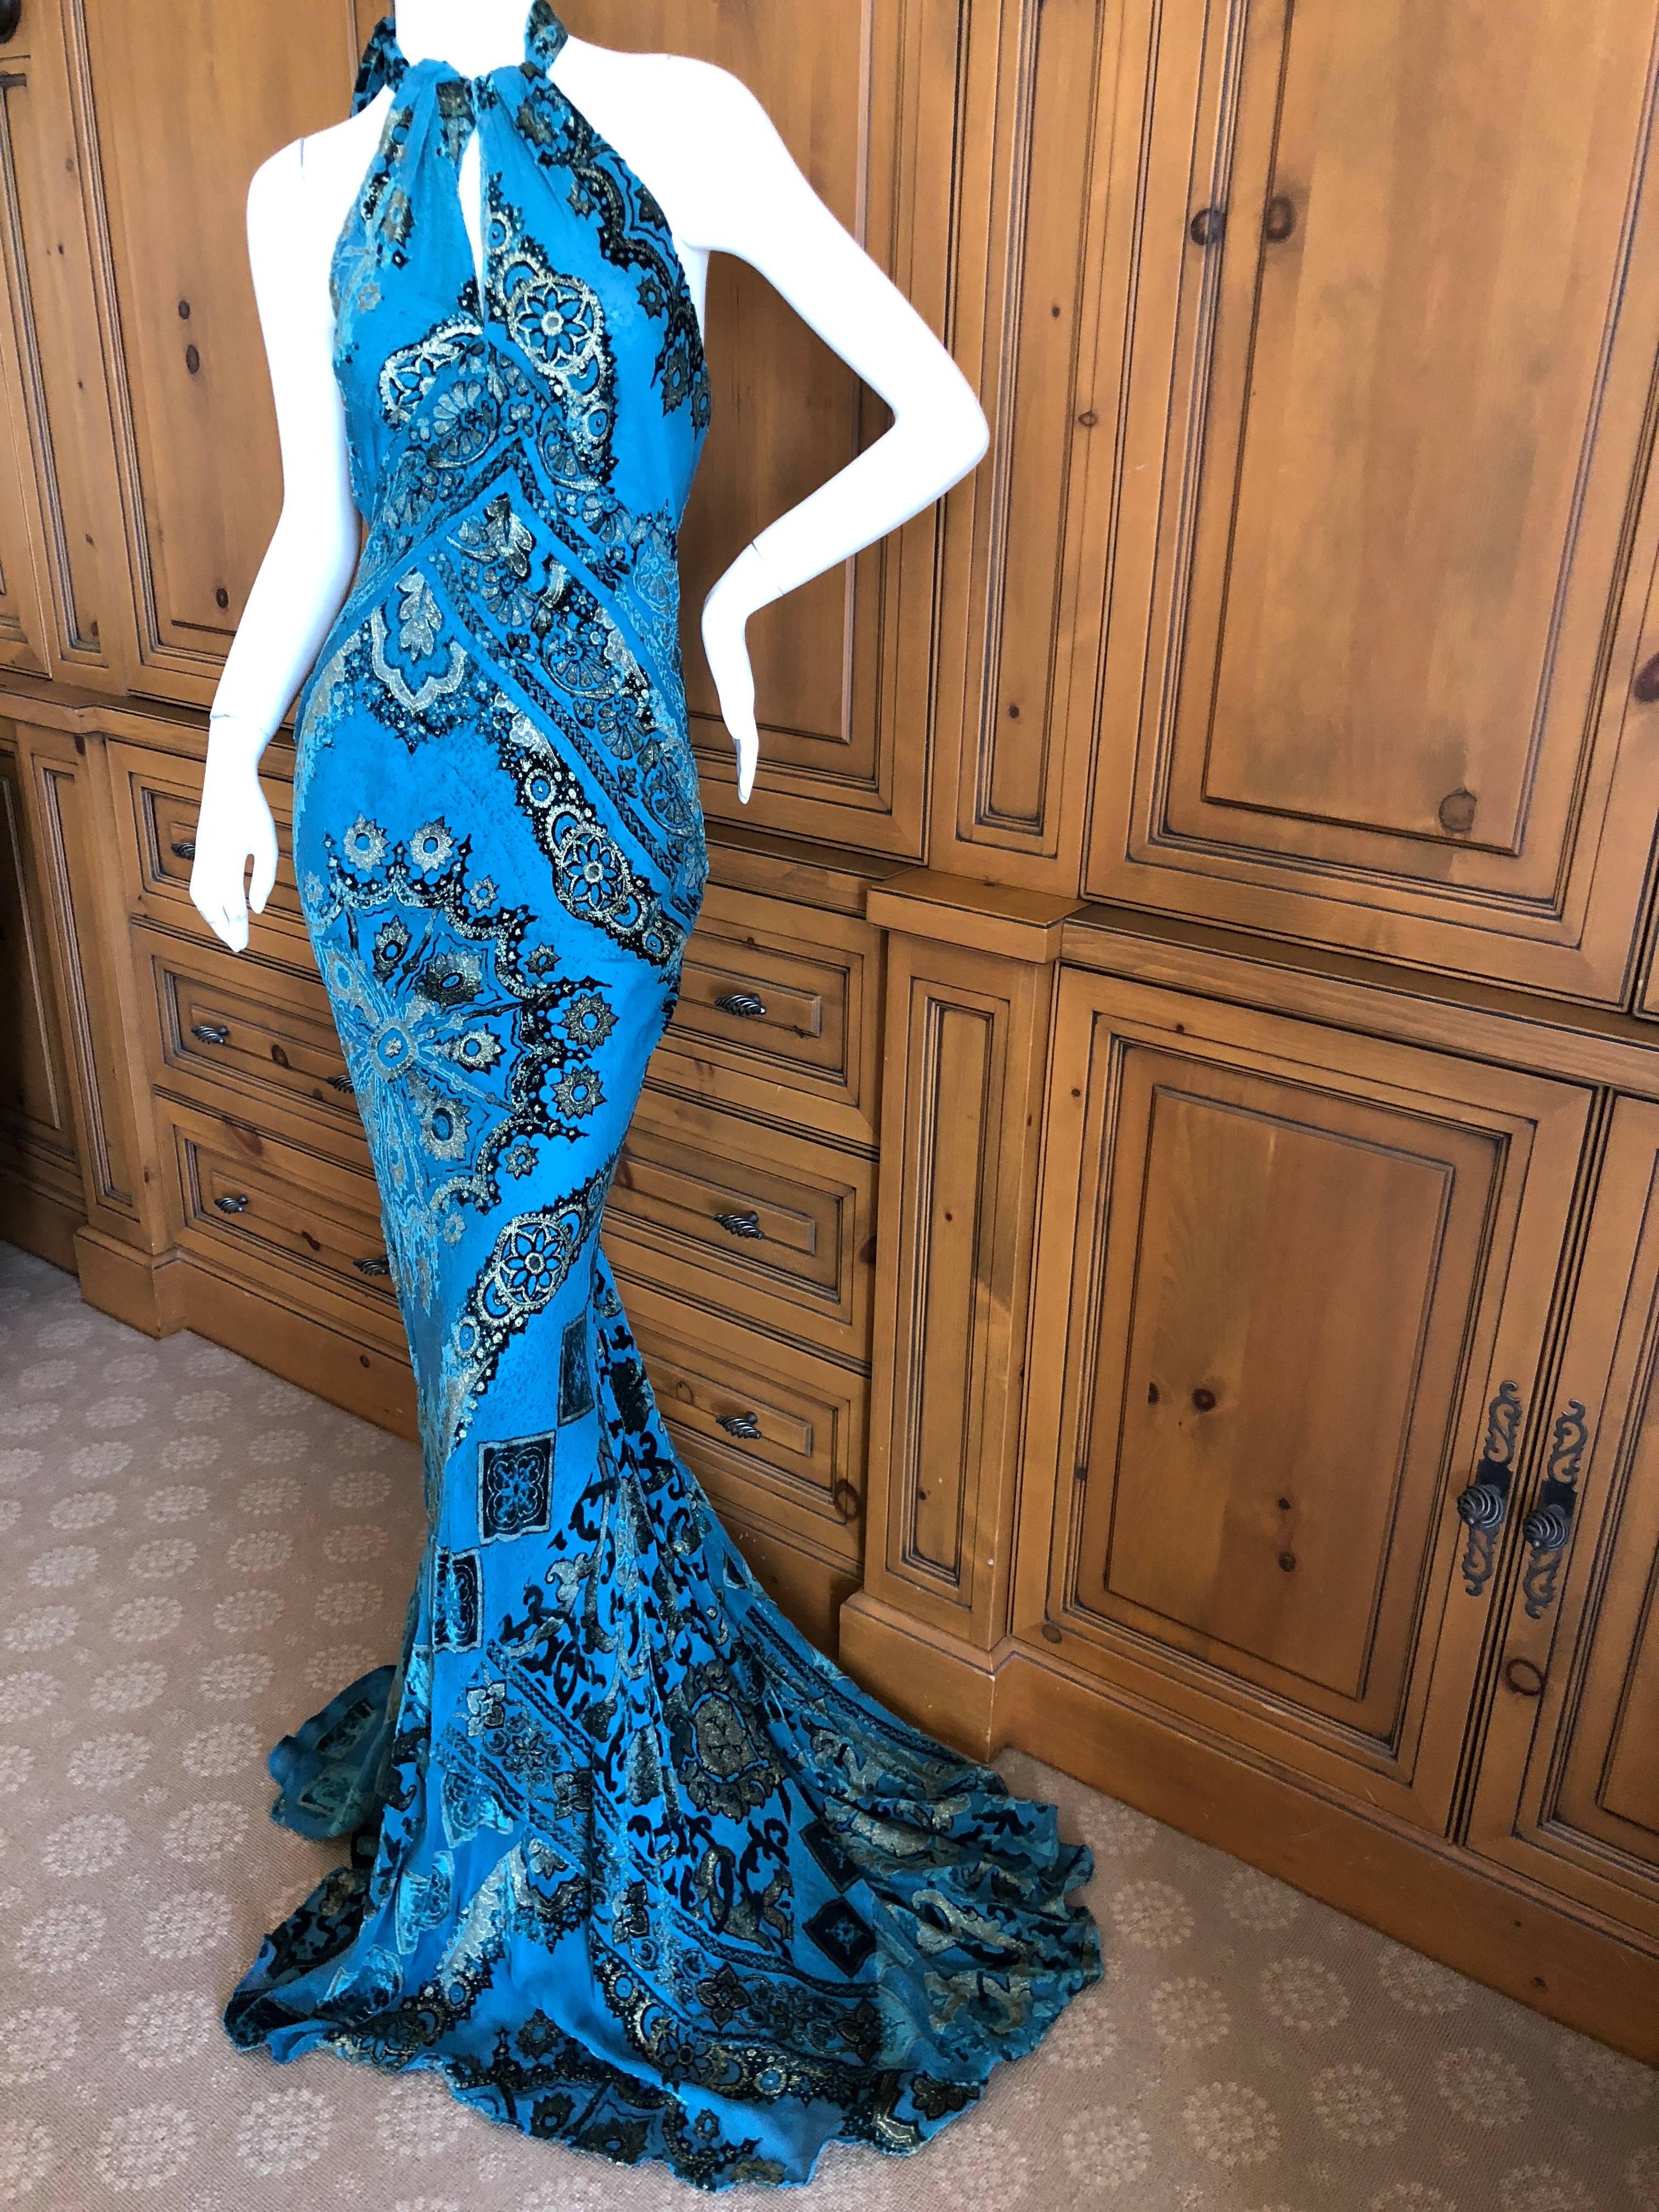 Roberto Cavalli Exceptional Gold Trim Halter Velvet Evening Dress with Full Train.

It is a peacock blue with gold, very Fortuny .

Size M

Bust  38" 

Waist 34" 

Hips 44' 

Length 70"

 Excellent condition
...
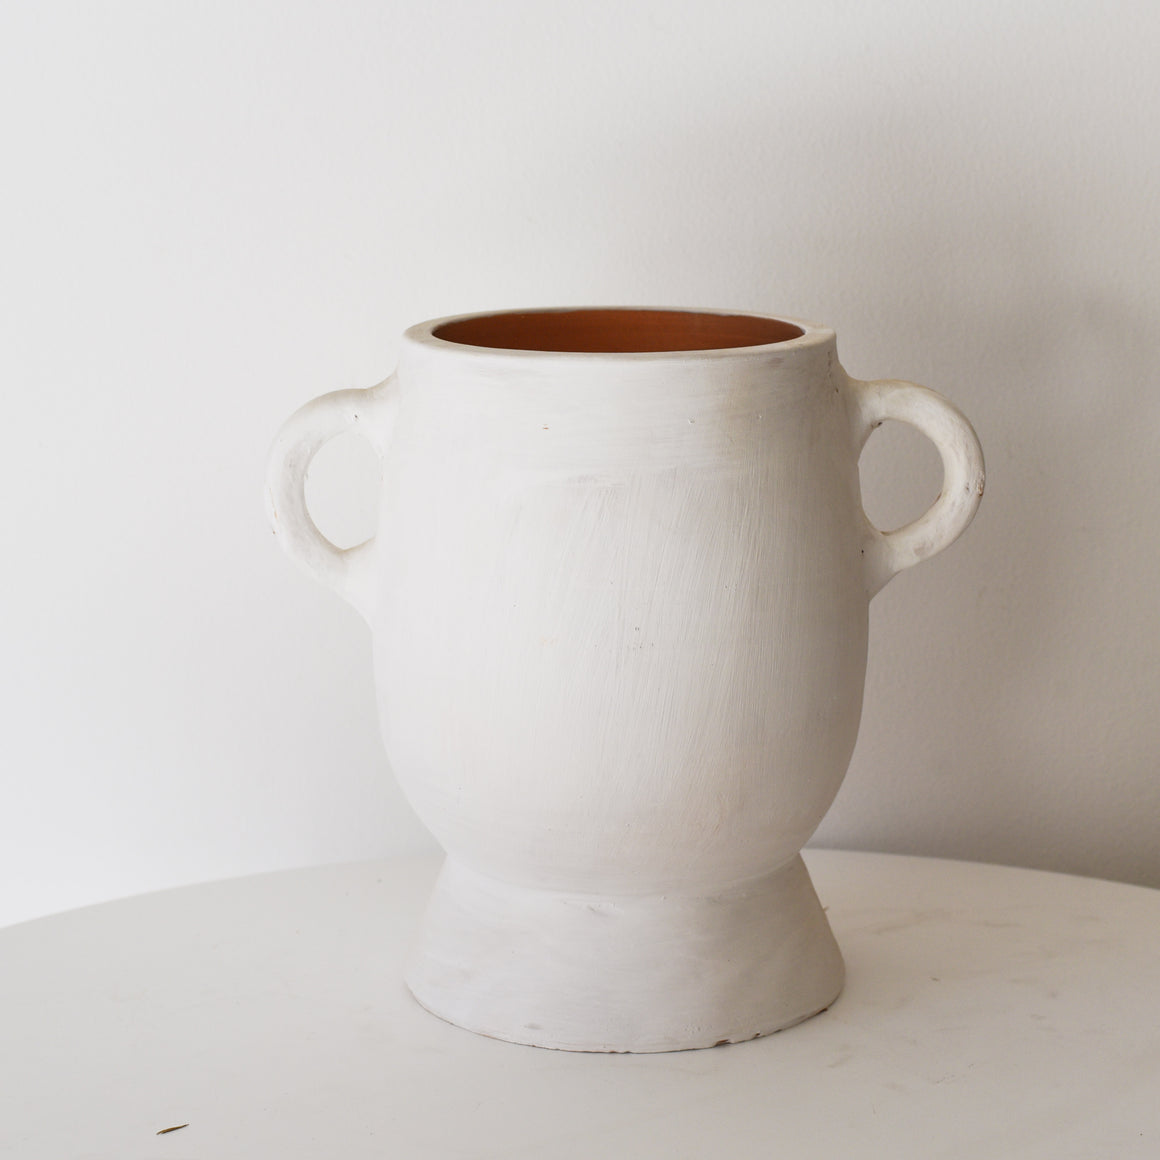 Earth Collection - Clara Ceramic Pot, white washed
--
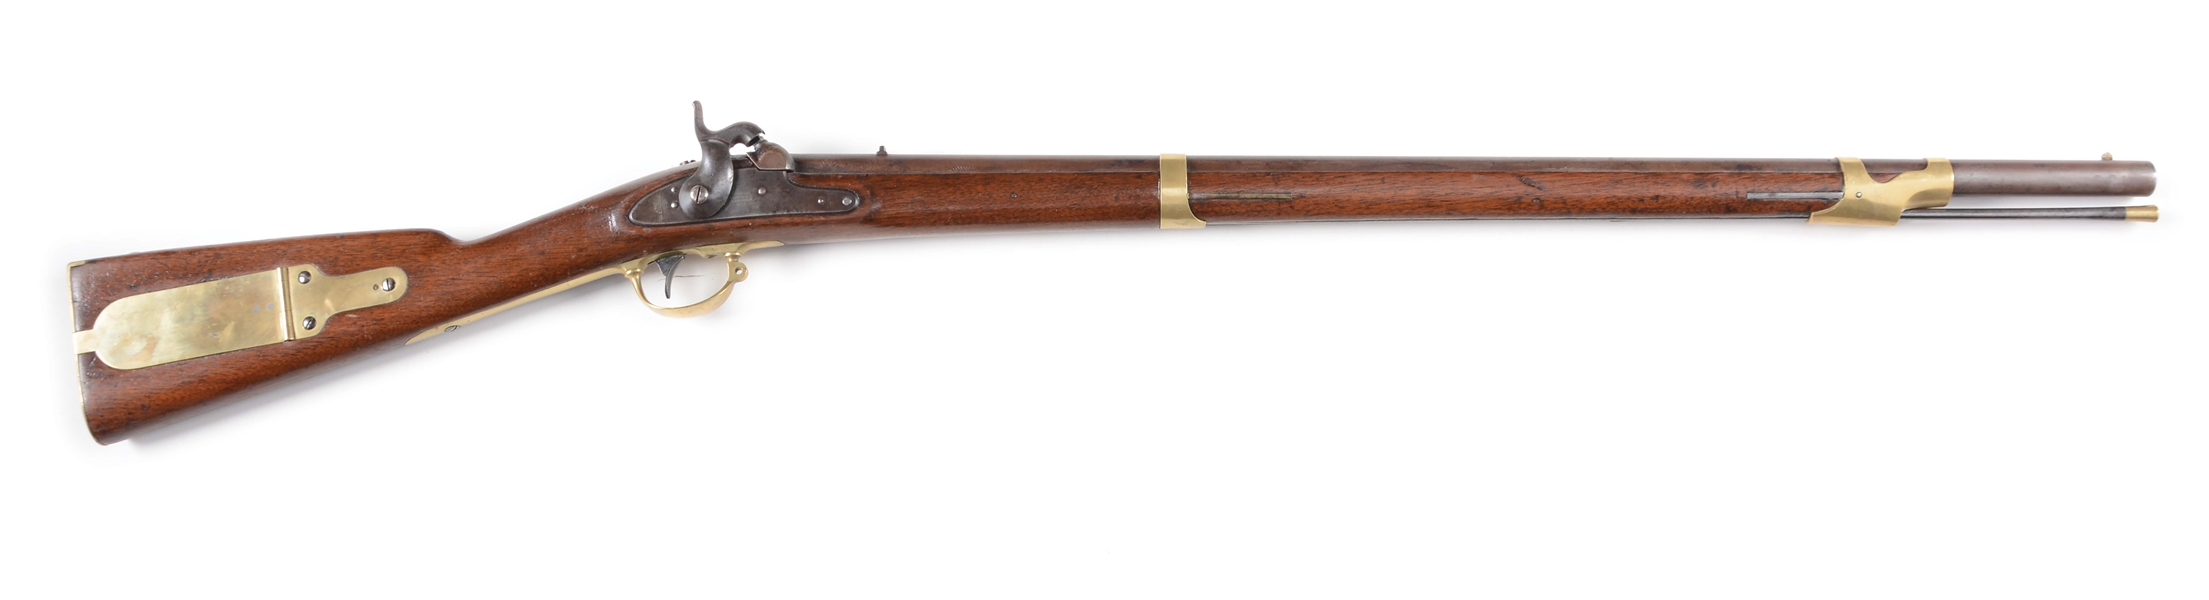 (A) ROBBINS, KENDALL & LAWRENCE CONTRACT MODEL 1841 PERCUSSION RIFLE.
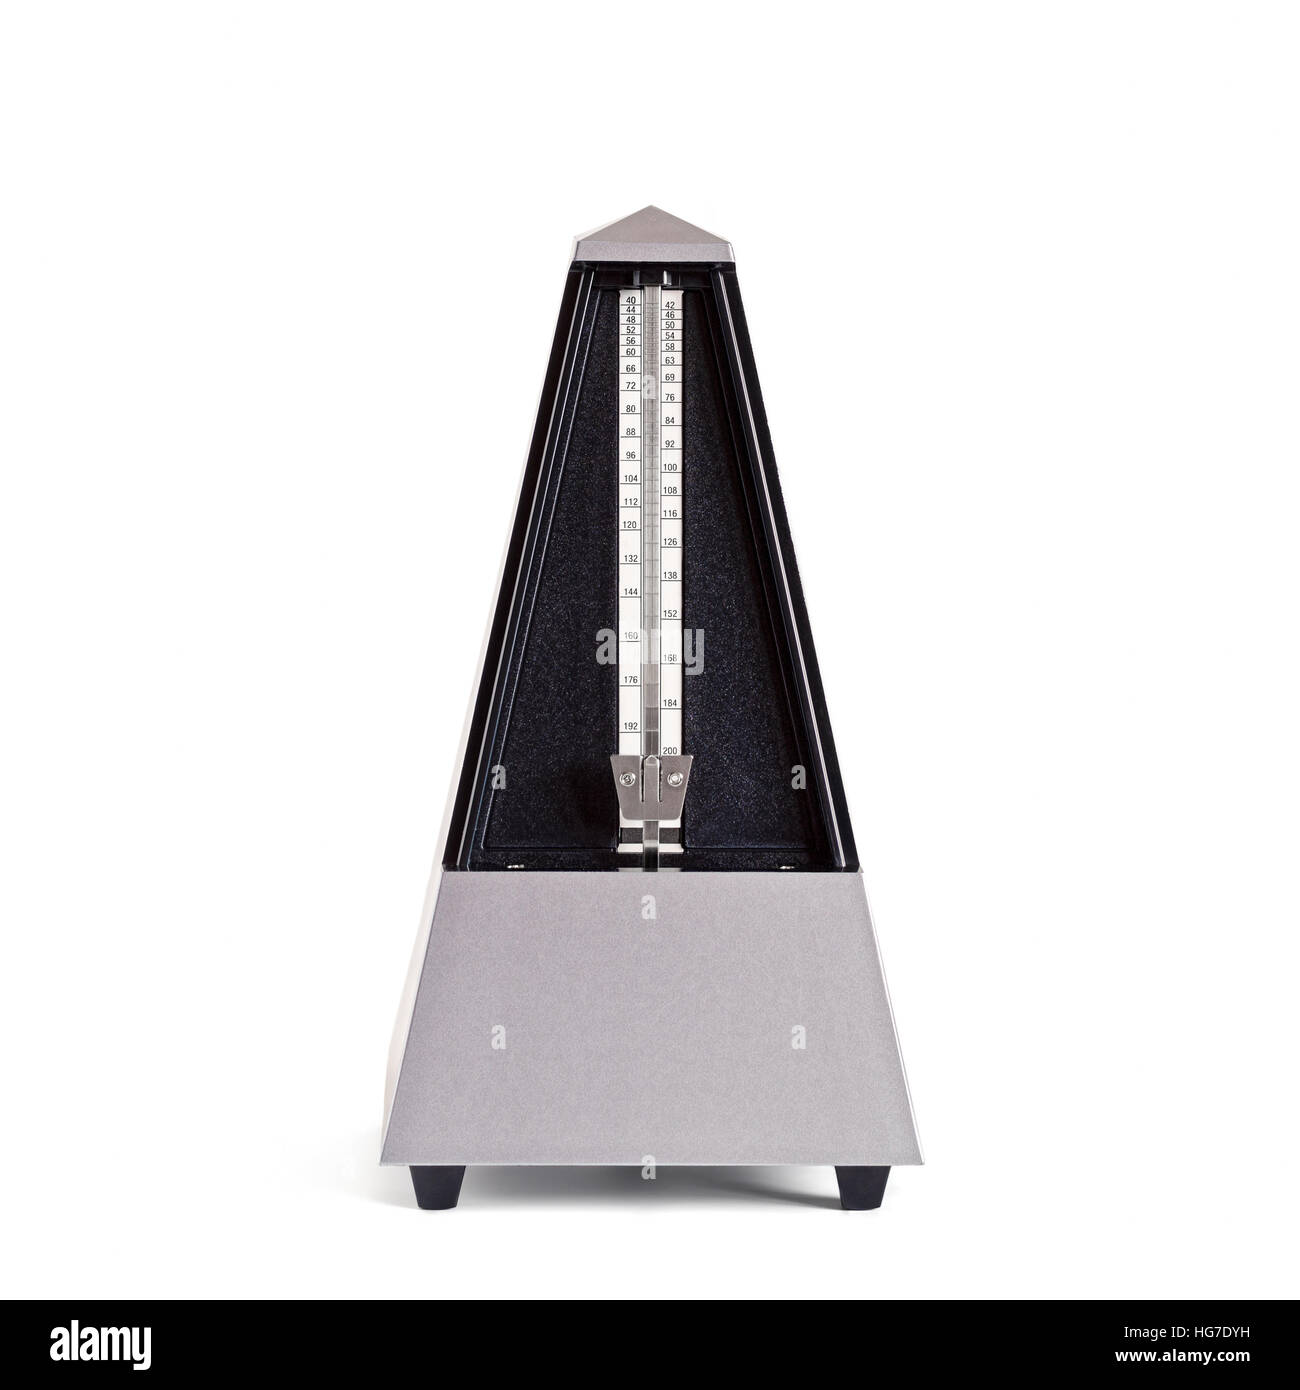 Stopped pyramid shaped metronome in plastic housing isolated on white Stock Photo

## [Work instructions]
Above are records; write out the lines from the one with "(A) ROBBINS, KENDALL" down to the one with "Stopped pyramid shaped", exactly, leaving the pictures out.

## [Answer to the exercise]
 (A) ROBBINS, KENDALL & LAWRENCE CONTRACT MODEL 1841 PERCUSSION RIFLE.
 Stopped pyramid shaped metronome in plastic housing isolated on white Stock Photo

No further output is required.